Ralph Waldo Ellison was born in Oklahoma in 1914 and it is through his experience in a pioneer state that had no history of slavery–a large part of what had been known as Indian Territory just eight years earlier–where though he grew up the “poorest among the poor,” he was given access to interact with white people and attend a good school; opportunities not even open to African Americans in the northern states of the time. It is through his experiences in this western part of the American Midwest that he learned to see the interplay and interconnections of white and black culture, though strictures still existed. He father sold ice and coal but died in an accident when Ellison was a child. His raising was left to his mother, Ida, who was an activist and was arrested several times for violating segregation laws.
Young Ellison was a talented young man and saw many mentors–both black and white–during his developing years. Among these was Ludwig Hebestreit, the conductor of the Oklahoma City Orchestra, who saw great promise in the young musician. Ellison was thus accepted to Tuskegee Institute in Alabama on an Oklahoma state scholarship to study music. Wishing to play jazz trumpet, he faced opposition by the more conservative-minded faculty who judged the music base and reflecting poorly on the “race.” At this point stories diverge. What is clear is that Ellison traveled to New York either to find summer employment with the intent of returning to Tuskegee, or to pursue a different career in the visual arts (photography) or sculpture. In either case the artifacts from these interests show a man of multiple and considerable talents.
While in New York he came across Langston Hughes, Richard Wright, and other influential members of the “Harlem Renaissance” and switched his energies to writing for the Federal Writers’ Project of the Works Progress Administration (WPA). There he worked in the Living Lore Unit of the project where he gathered materials of–and was influenced by–black folklore and culture. Until he joined the Navy during the Second World War he contributed essays and stories to various publications, eventually becoming editor of The Negro Quarterly. Unpublished stories from this period prior to the publication of Invisible Man, posthumously published in 1996 under the title Flying Home and Other Stories show the development of a unique and powerful voice about to enter American letters, .
Invisible Man is a fully modern novel and Ellison’s influences–Hemingway, W.E.B. DuBois, T.S. Elliott, Joyce, Richard Wright, and Cervantes–are apparent both in his ability to incorporate their literary devices and to transcend them. His ability to move the novel far beyond its time and methods is what makes the work as readable and understandable today, over 62 years since its publication.
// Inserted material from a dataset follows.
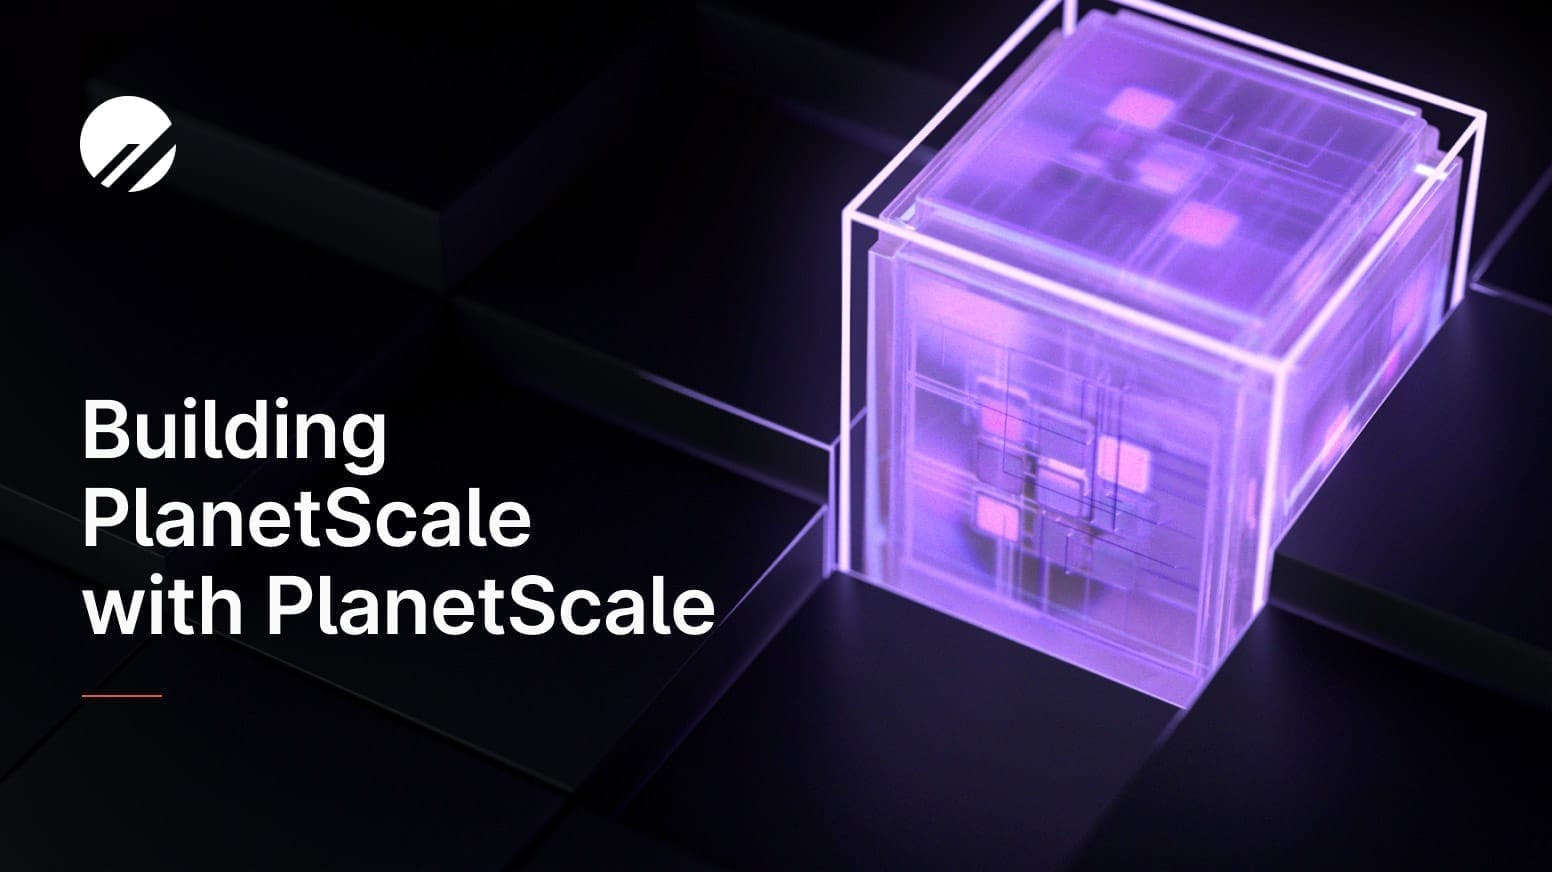 Building PlanetScale with PlanetScale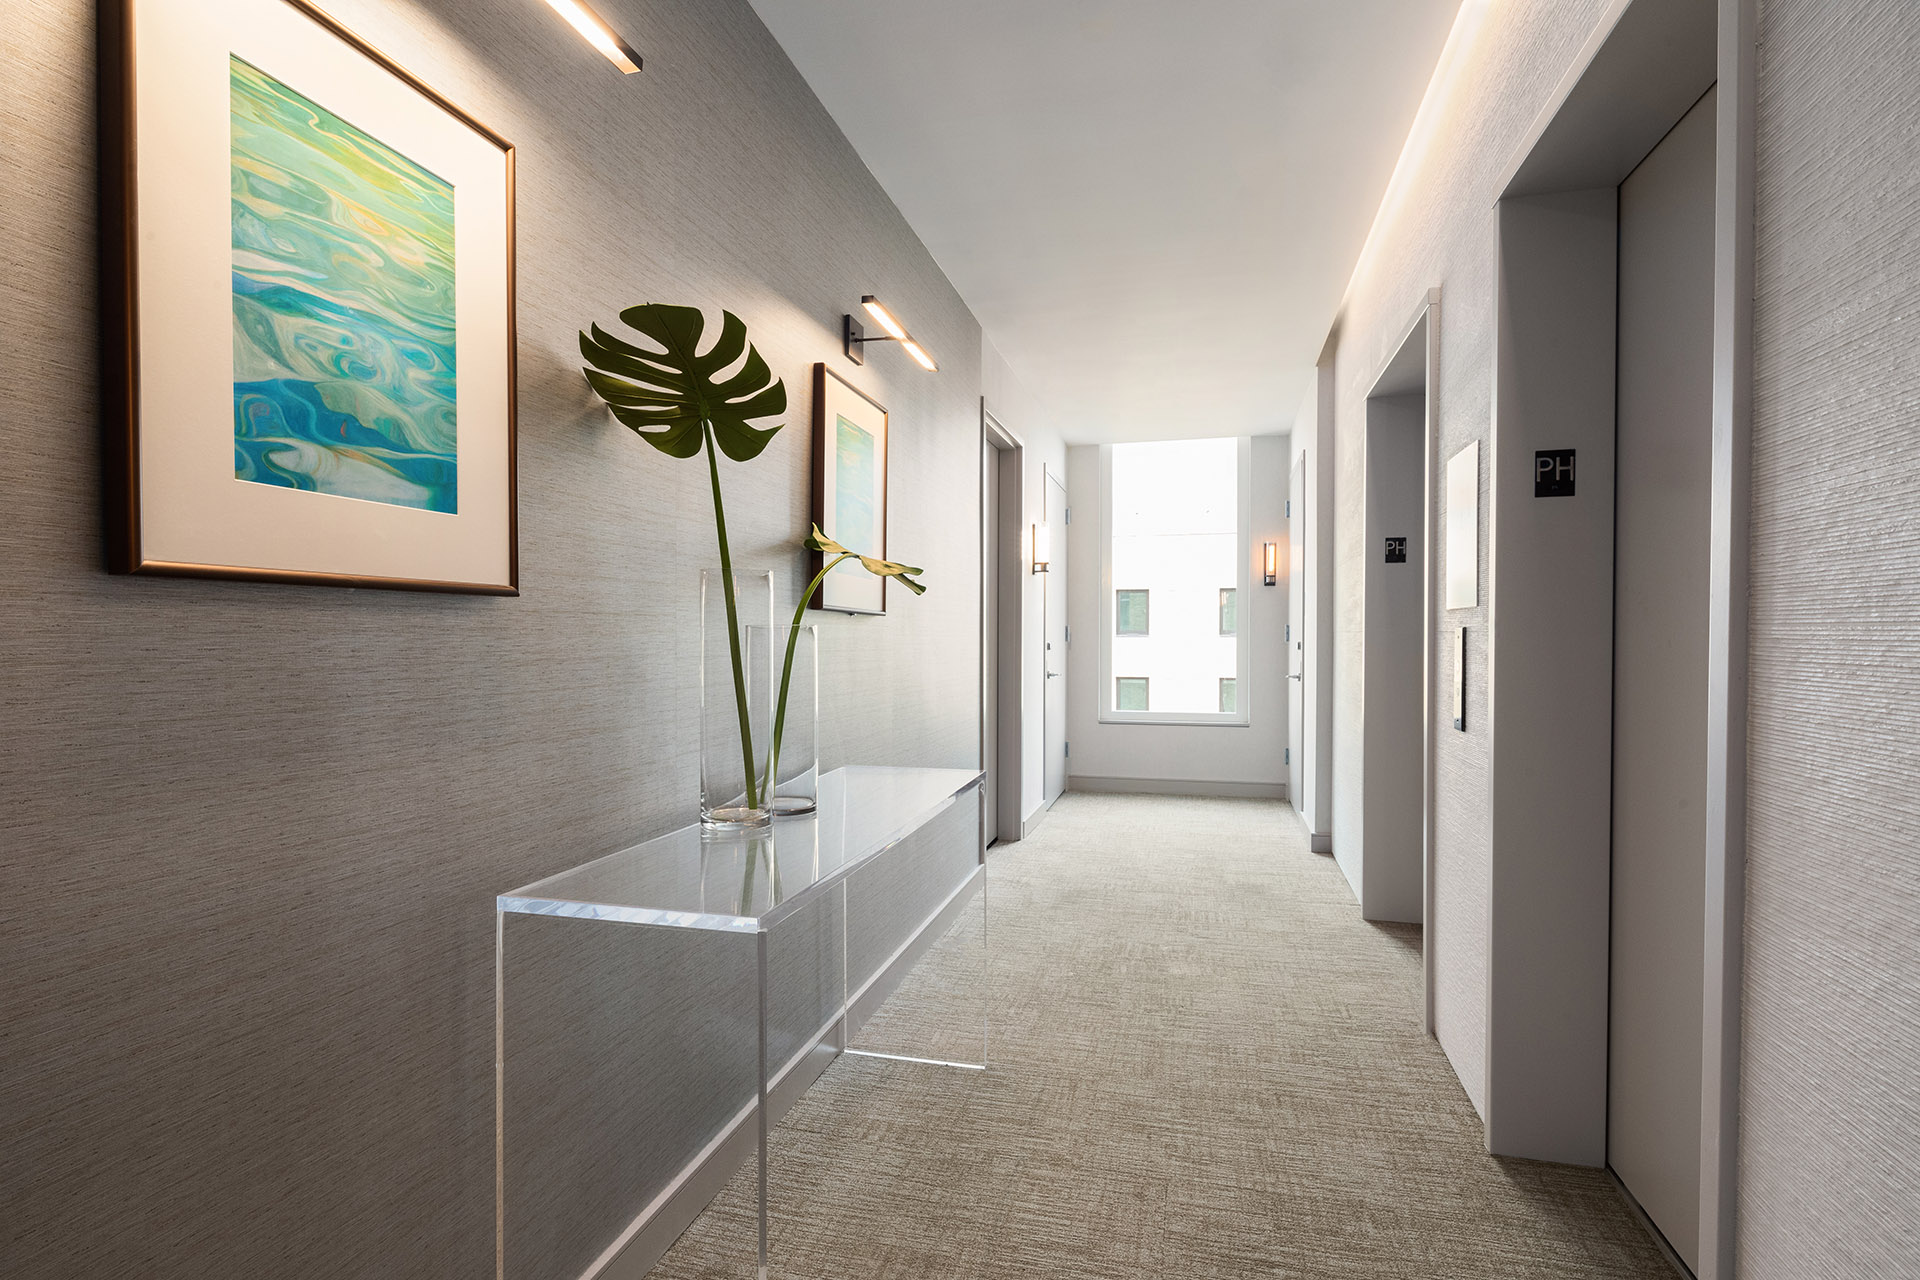 A private elevator landing allows for unmatched exclusivity and privacy.

At the heart of Invisible Man is the desire of the individual to overcome not only the strictures that society in its various incarnations has imposed and wishes to impose on on him, but also his struggle to overcome his own base desires and limitations. Much has been made of this last point, some literary critics going so far as to have Ellison hearken back to the American Transcendentalists. But I find this contention too simplistic and–frankly–ridiculous. This judgment does the work much disservice and ignores its modernism.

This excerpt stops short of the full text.